The reorganisation happens already at the assignment to vtest3, not with push!.

Ah! That’s how it works. Makes sense.

True, but this is the multiple dispatch mechanism. My initial thoughts were really focused on types which take template parameters.

The coersion (for lack of a better word?) from Vector{Union{Int64, T}} to Vector{Any} isn’t a result of a function call. It is (afaik) the result of some rule built into the AST interpreter / typesystem.

It’s the convert mechanics:

julia> convert(Vector{Union{Int, String}}, [1,2,"foo"])
3-element Vector{Union{Int64, String}}:
 1
 2
  "foo"

A @less convert(Vector{Union{Int, String}}, [1,2,"foo"]) reveals the method definition:

convert(::Type{T}, a::AbstractArray) where {T<:Array} = a isa T ? a : T(a)::T

A convert is inserted when you assign to a variable with a constrained type (like your vtest3).

But, the type of [1,2,"foo"] is built in somewhere, I guess. Array literals is a bit special, precisely because they are literal and need to be present to some degree before the types are created when julia is bootstrapped.

Edit: No, they use Base.vect which uses the promote_typeof mechanics. See ?[.

julia> Base.promote_typeof(1,2,3,"foo")
Any

So, it can be changed. You can do that for your own types.

Ok this helps to explain a bit of my earlier confusion.

julia> vtest4::Vector{Union{Int64, String}} = [1, 2, 3]
3-element Vector{Int64}:
 1
 2
 3

julia> vtest4
3-element Vector{Union{Int64, String}}:
 1
 2
 3

The printed type from the first prompt is Vector{Int64}. That’s the type for [1, 2, 3].

Whereas in the second prompt, the type is Vector{Union{Int64, String}} which is the type of vtest4.

I’m still a bit confused about this. So there’s an implicit call to convert every time the type on the left hand side of = does not exactly match the type on the right hand side of =?

btw… how did you obtain this information? This is from my REPL:

help?> [
search: [ []

  []

  Square braces are used for indexing, indexed assignment, array literals, and array comprehensions.

Yes, if you have variables with declared types.
Conversion and Promotion · The Julia Language?

The thing here is that the output is actually Vector{Union{Int64, Any}} – because this union is actually equivalent to just Any:

julia> Union{Int64, Any}
Any

I am no expert, but it seems this is done to eliminate the (unneeded here) union splitting.

Ah, I was running the nightly version of julia. Some docstrings are better.

help?> [
search: [ []

  []

  Square brackets are used for indexing (getindex), indexed assignment
  (setindex!), array literals (Base.vect), array concatenation (vcat, hcat,
  hvcat, hvncat), and array comprehensions (collect).

Ah yes, good spot.

Is there a way to demonstrate this in the REPL?

To be more specific, is there a way to demonstrate that the output of [1, 2, 3, "hello"] is Union{Int64, Any}? I think this is what you are saying here?

It doesn’t seem right - why would the String type be promoted to Any?

Or really, why would the type parameter T be inferred to be Any rather than String?
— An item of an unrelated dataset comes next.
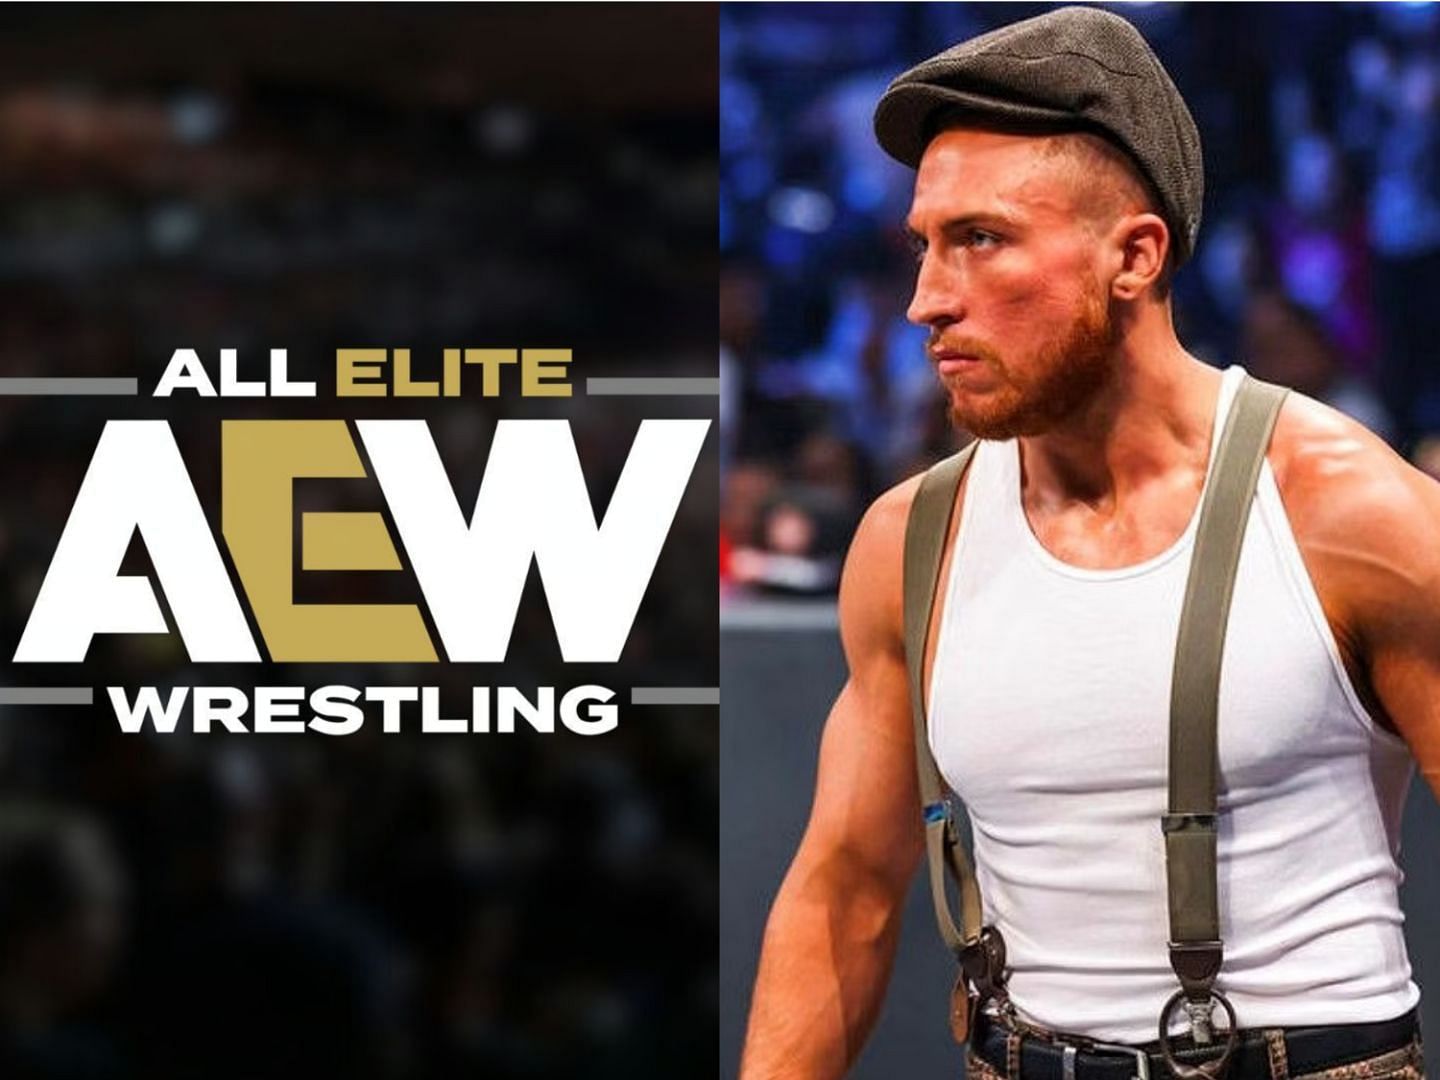 Butch calls out AEW star on Twitter.

Isn’t that surprising if it is the case?

What I meant is they are literally the same types.

julia> Vector{Union{Int64, Any}}
Vector{Any} (alias for Array{Any, 1})

I guess unions are just not produced by this [...] notation. The most sensible behavior here is trying to promote to some general type, and just returning Any if that’s not possible. The same reason [false, 1, 2.0] will be Vector{Float64} and not a over-complicated union.